Getting started is as simple as:

  1. Enable ollama under your Local Apps settings.
  2. On a model page, choose ollama from Use this model dropdown. For example: bartowski/Llama-3.2-1B-Instruct-GGUF.

The snippet would be in format:

ollama run hf.co/{username}/{repository}

Please note that you can use both hf.co and huggingface.co as the domain name.

Here are some models you can try:

ollama run hf.co/bartowski/Llama-3.2-1B-Instruct-GGUF
ollama run hf.co/mlabonne/Meta-Llama-3.1-8B-Instruct-abliterated-GGUF
ollama run hf.co/arcee-ai/SuperNova-Medius-GGUF
ollama run hf.co/bartowski/Humanish-LLama3-8B-Instruct-GGUF

Custom Quantization

By default, the Q4_K_M quantization scheme is used, when it’s present inside the model repo. If not, we default to picking one reasonable quant type present inside the repo.
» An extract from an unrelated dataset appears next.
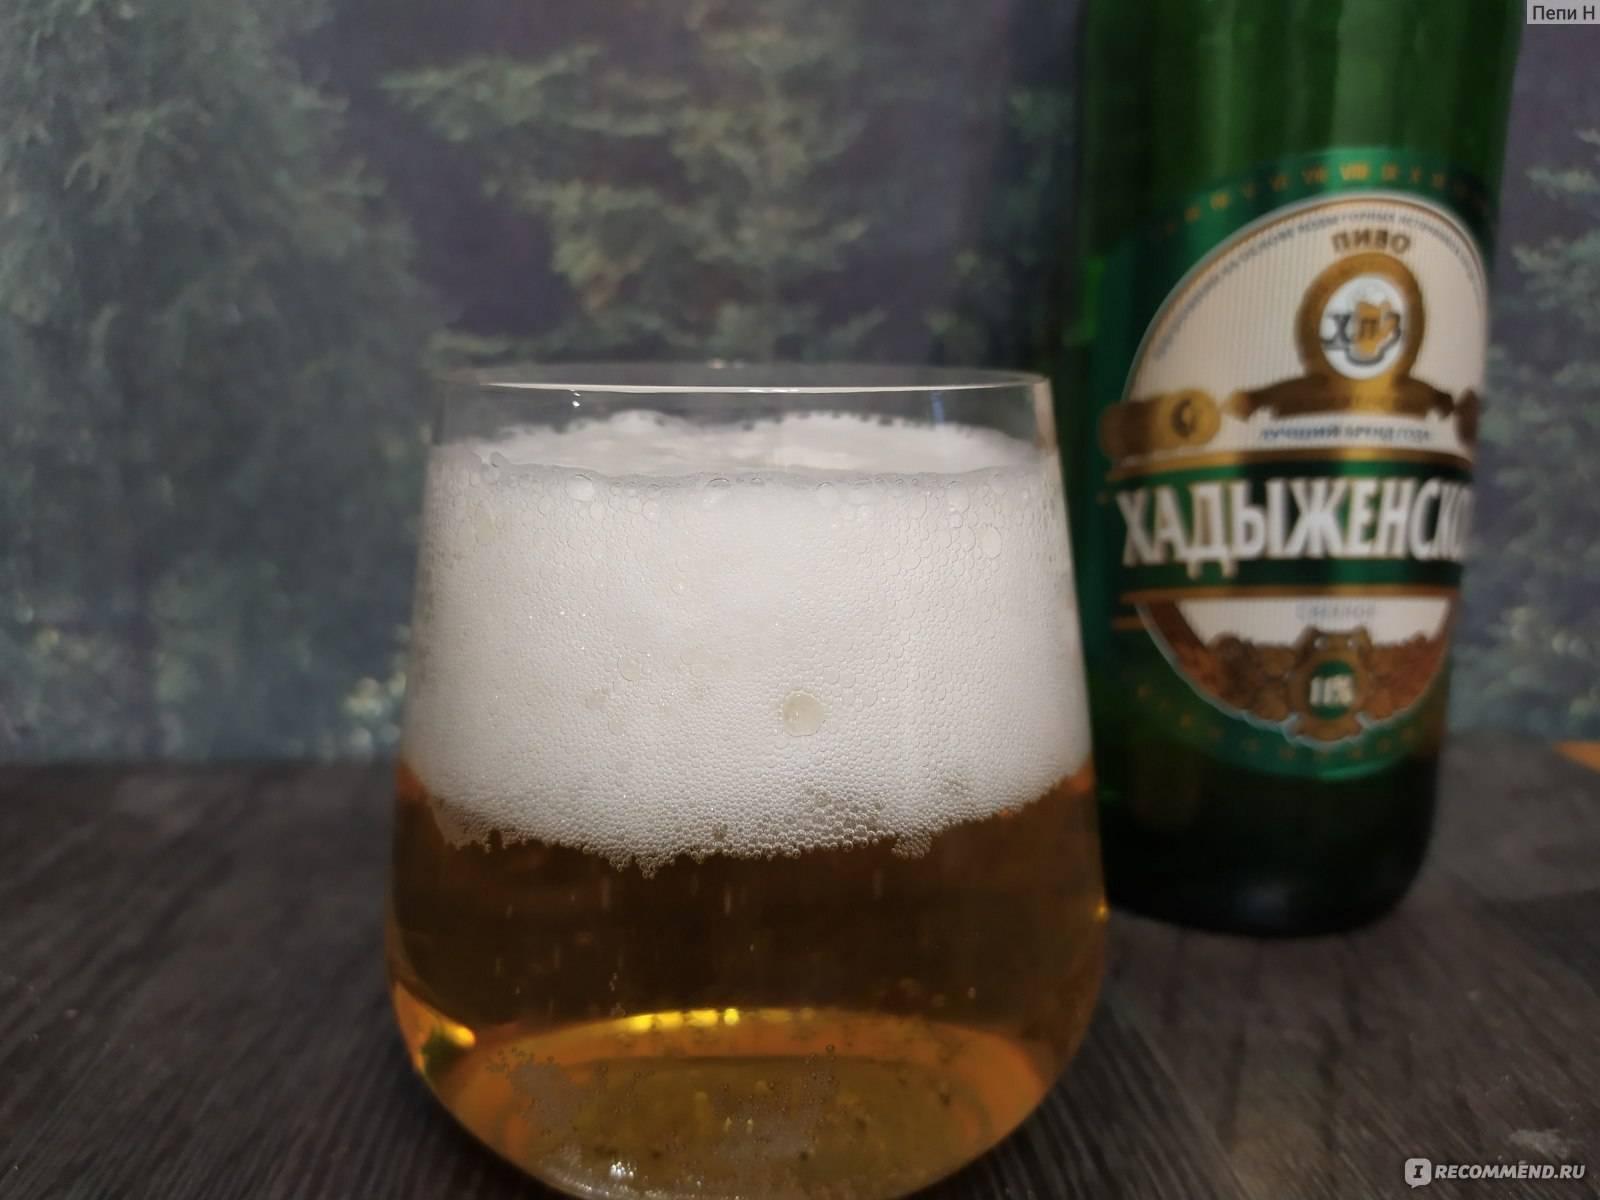 """Ооо """" хадыженское пиво """", хадыженск, инн 2325013101, огрн 1022303445086 окпо 51350463 - реквизиты, отзывы, контакты, рейтинг."""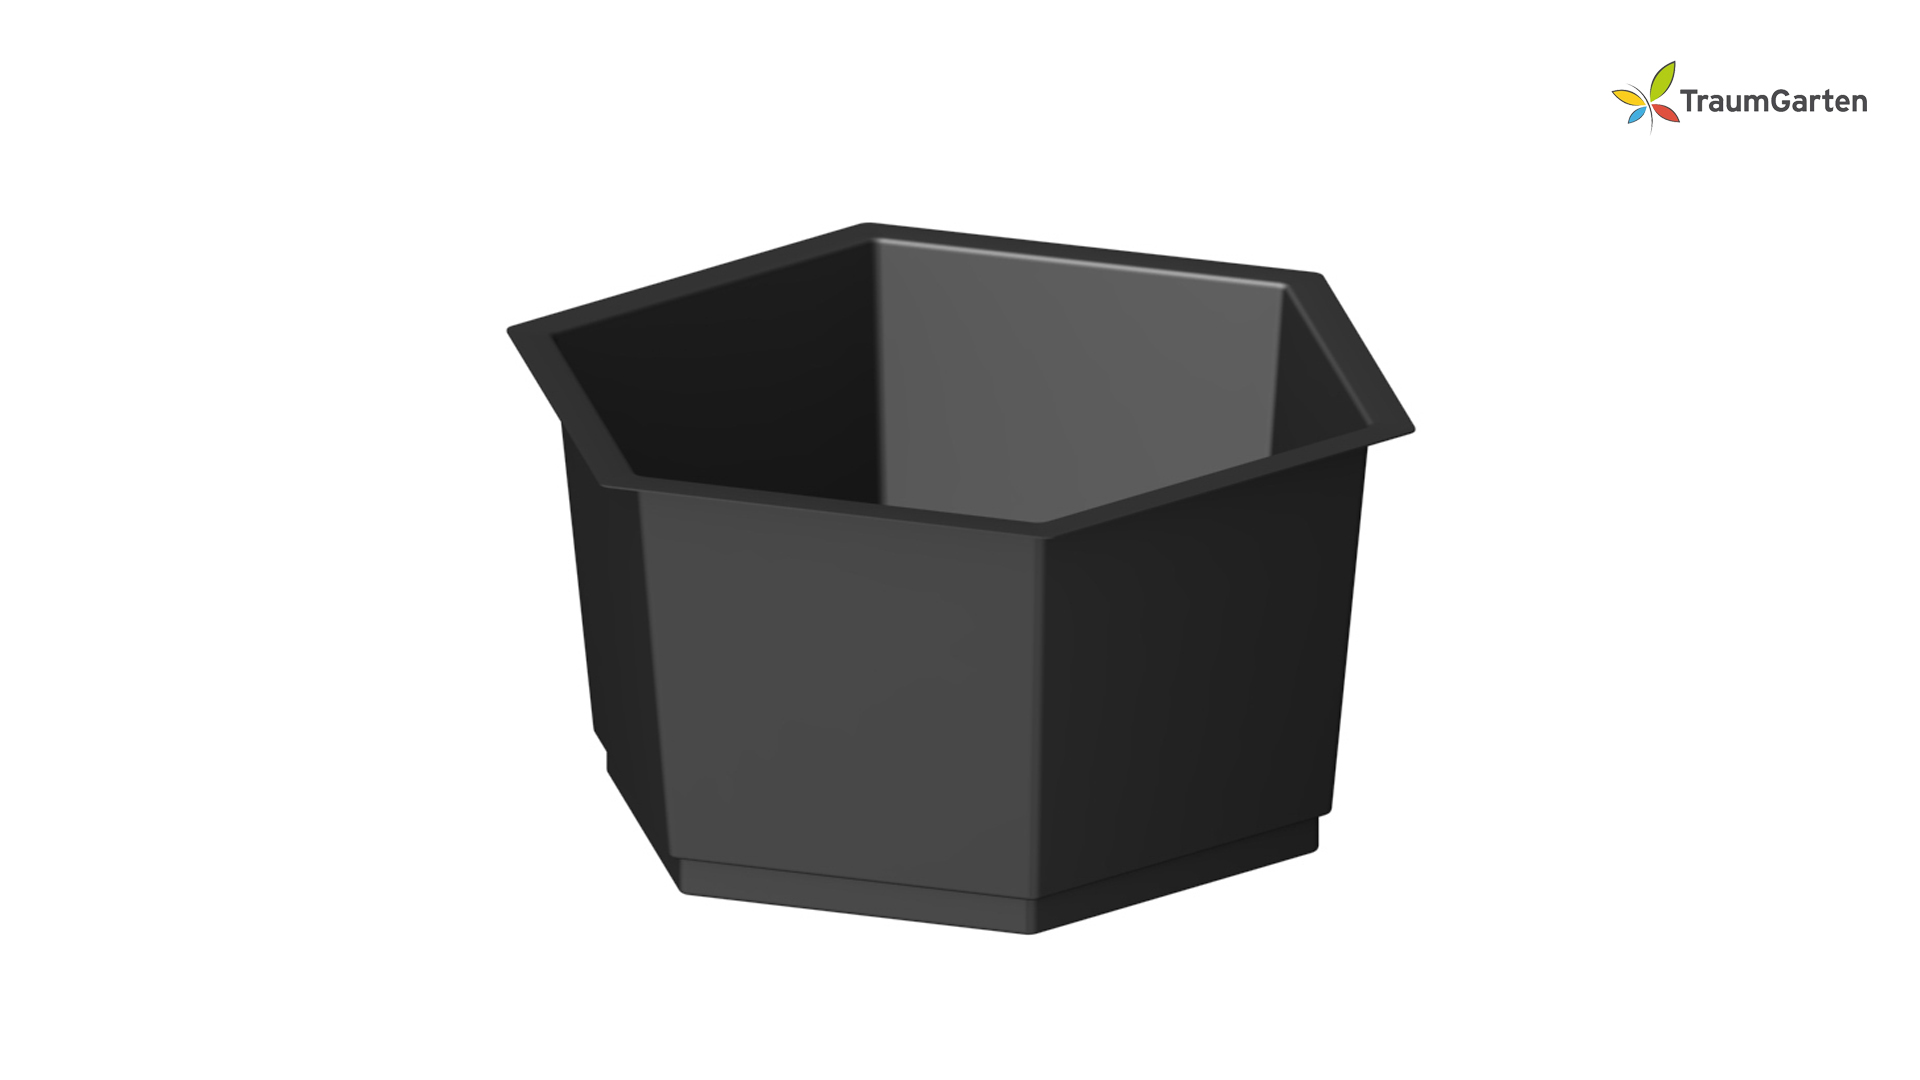 blumenkasten g nstig online kaufen holzwelt gr f aus bremen. Black Bedroom Furniture Sets. Home Design Ideas

To select a different scheme, simply:

  1. From Files and versions tab on a model page, open GGUF viewer on a particular GGUF file.
  2. Choose ollama from Use this model dropdown.

The snippet would be in format (quantization tag added):

ollama run hf.co/{username}/{repository}:{quantization}

For example:

ollama run hf.co/bartowski/Llama-3.2-3B-Instruct-GGUF:IQ3_M
ollama run hf.co/bartowski/Llama-3.2-3B-Instruct-GGUF:Q8_0

# the quantization name is case-insensitive, this will also work
ollama run hf.co/bartowski/Llama-3.2-3B-Instruct-GGUF:iq3_m

# you can also directly use the full filename as a tag
ollama run hf.co/bartowski/Llama-3.2-3B-Instruct-GGUF:Llama-3.2-3B-Instruct-IQ3_M.gguf

Custom Chat Template and Parameters

By default, a template will be selected automatically from a list of commonly used templates. It will be selected based on the built-in tokenizer.chat_template metadata stored inside the GGUF file.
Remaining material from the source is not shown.